Ah gotcha. I've never heard em called that and I've never seen one caught in SW ohio haha


----------



## Salmonid (Apr 14, 2004)

closest fishable population of bowfin is about 90 minutes NE of Cinci....NE Ohio is loaded with them, same areas youll find pike normally


Salmonid


----------



## Mason52 (Aug 21, 2009)

RickH said:


> Thanks! Looks like I'll need a driver to launch the boat


I just tie a long rope onto my boat and trailer then pull it back to the dock. When I get done fishing I just drive my boat onto the ramp nice and slow. My boat is aluminum. Most fiberglass boats have a keel guard or should have. I saw a guy in a ranger boat onetime just fly onto the ramp. I thought it was nuts, but he said that his keeel guard protects his boat I still think I'd take it a little slower then he did. 
I will fish all Winter as long as the lake doesn't freeze


----------



## trailbreaker (Oct 11, 2008)

RickH said:


> Thanks! Looks like I'll need a driver to launch the boat


no you won't watch this video.. this guy launched his boat by him self


----------



## Legend killer (Apr 20, 2011)

I like to tie my boat up on the shore. It would suck if a wave came in and pulled my boat out to the lake.


----------



## RickH (Jul 30, 2011)

Salmonid said:


> closest fishable population of bowfin is about 90 minutes NE of Cinci....NE Ohio is loaded with them, same areas youll find pike normally
> Salmonid


I caught one on a worm down on Okeechobee a couple weeks ago. Thats what my father-in-law called it. Looked like a catfish without wiskers until I pulled it out of the water.

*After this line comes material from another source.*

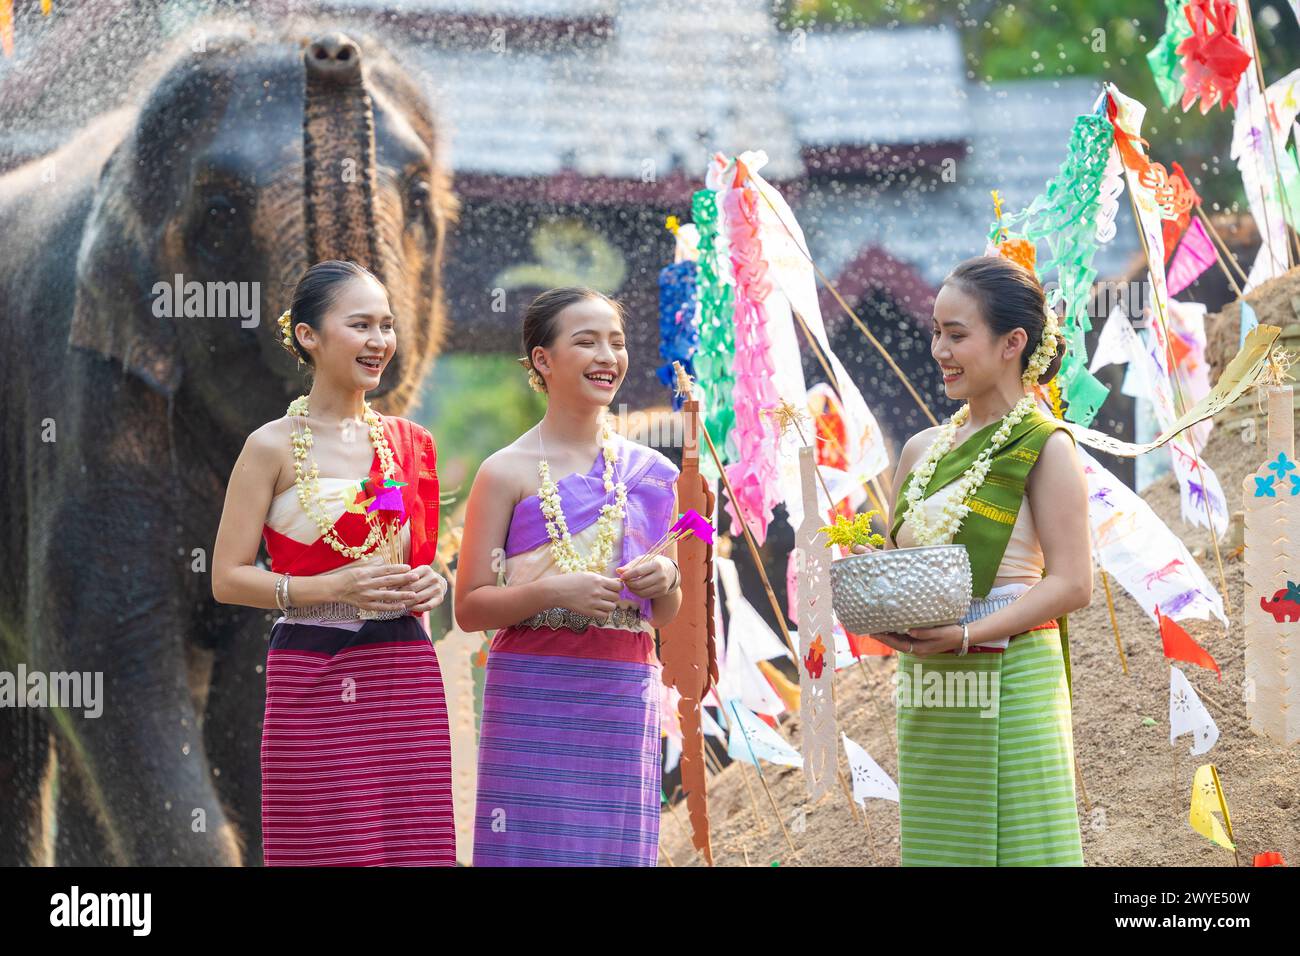 Festival di Songkran. I popoli della Thailandia del Nord indossano abiti tradizionali che spruzzano acqua insieme nel festival culturale di Songkran con il dorso di elefante Foto Stock

Thanks Mason but I have a glass boat and won't chance it not worth it. She is still in nice shape for her age. I've looked all over there. It would be really nice if they had a nice soft shore around the ramps for the times when the docks are out but what do I know. Big sharp ugly boulders most be better next to a boat ramp. Make since to me!

My son and I fish together a lot anymore I just make sure he is with me when the docks are out. Just can't go when I feel like it then.


----------



## imalt (Apr 17, 2008)

You could beach it on the beach at the north pool ramp. I think that is what that ramp is called anyone correct me if I am wrong

Outdoor Hub mobile, the outdoor information engine


----------



## Salmonid (Apr 14, 2004)

or around the corner at the sailboat ramp....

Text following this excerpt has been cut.